Pansophism, in older usage often pansophy, is a concept in the educational system of universal knowledge proposed by John Amos Comenius, a Czech educator. "[Comenius's] second great interest was in furthering the Baconian attempt at the organization of all human knowledge. He became one of the leaders in the encyclopædic or pansophic movement of the seventeenth century".

Pansophic principle
The pansophic principle is one of the important principles of Comenius: that everything must be taught to everyone, as a guiding basis for education, something like universal education (Characteristica universalis).

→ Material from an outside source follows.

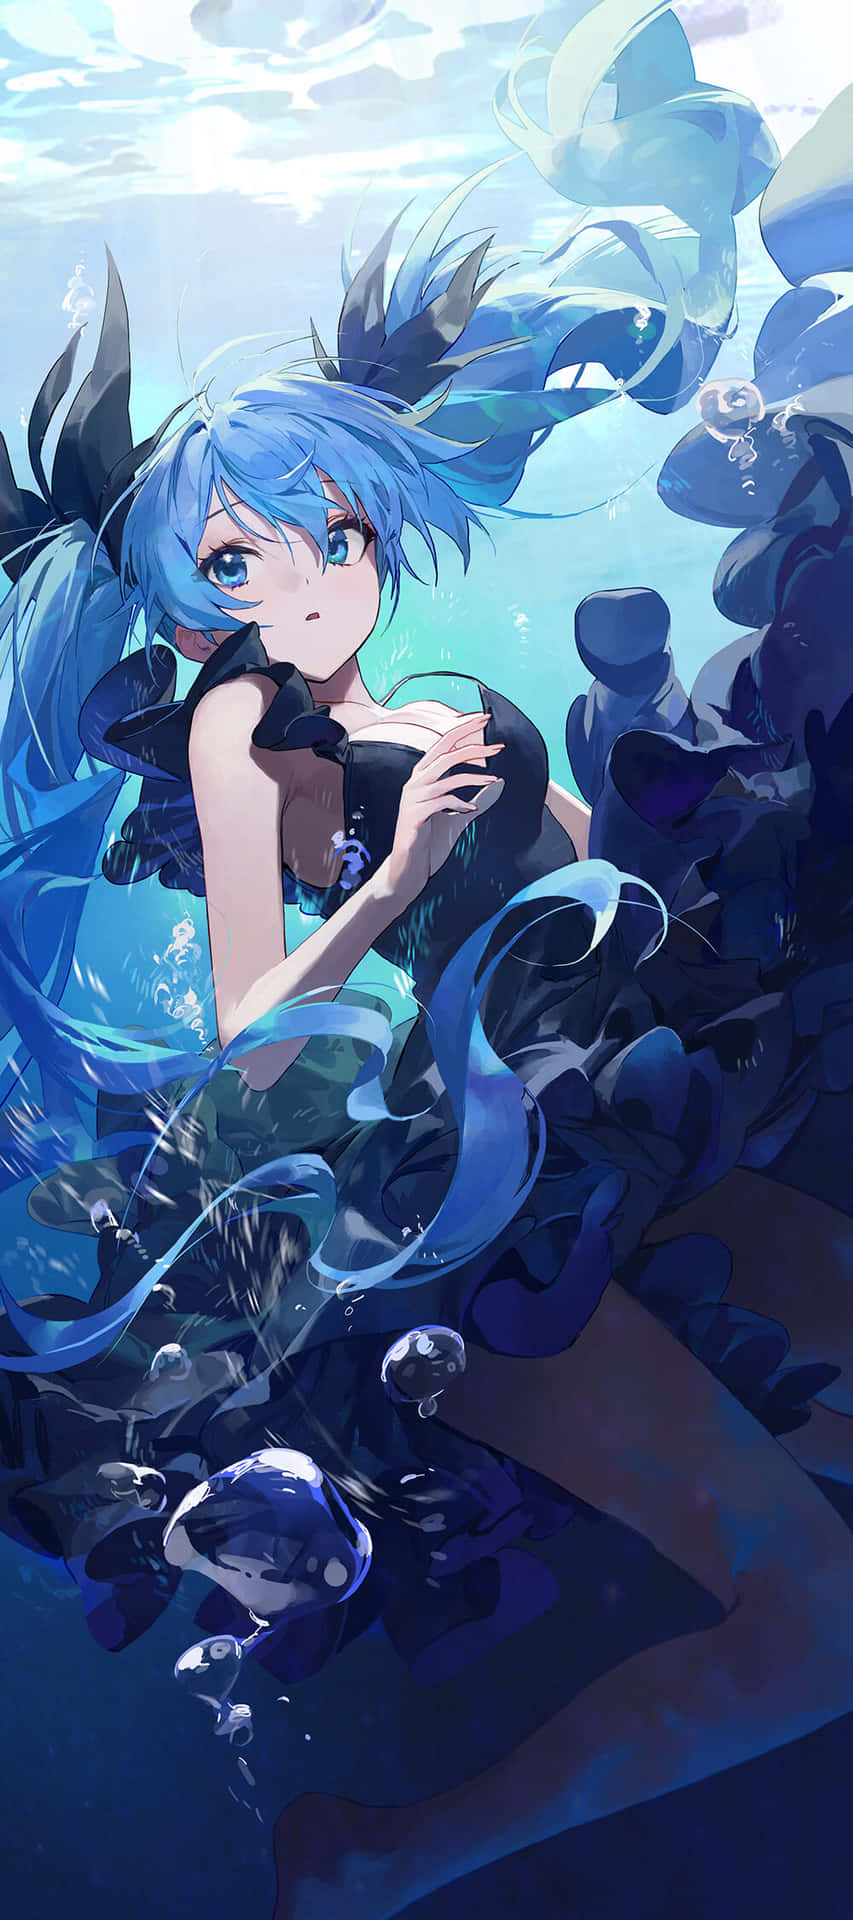 “Discover the World of Hatsune Miku With This Innovative Phone!” Wallpaper

Pansophism was a term used generally by Comenius to describe his pedagogical philosophy. His book Pansophiae prodromus (1639) was published in London with the cooperation of Samuel Hartlib. It was followed by Pansophiae diatyposis. Pansophy in this sense has been defined as ‘full adult comprehension of the divine order of things’. He aimed to set up a Pansophic College, a precursor of later academic institutes He wrote his ideas for this in a tract Via lucis, written 1641/2 in London; he had to leave because the English Civil War was breaking out, and this work was eventually printed in 1668, in Amsterdam.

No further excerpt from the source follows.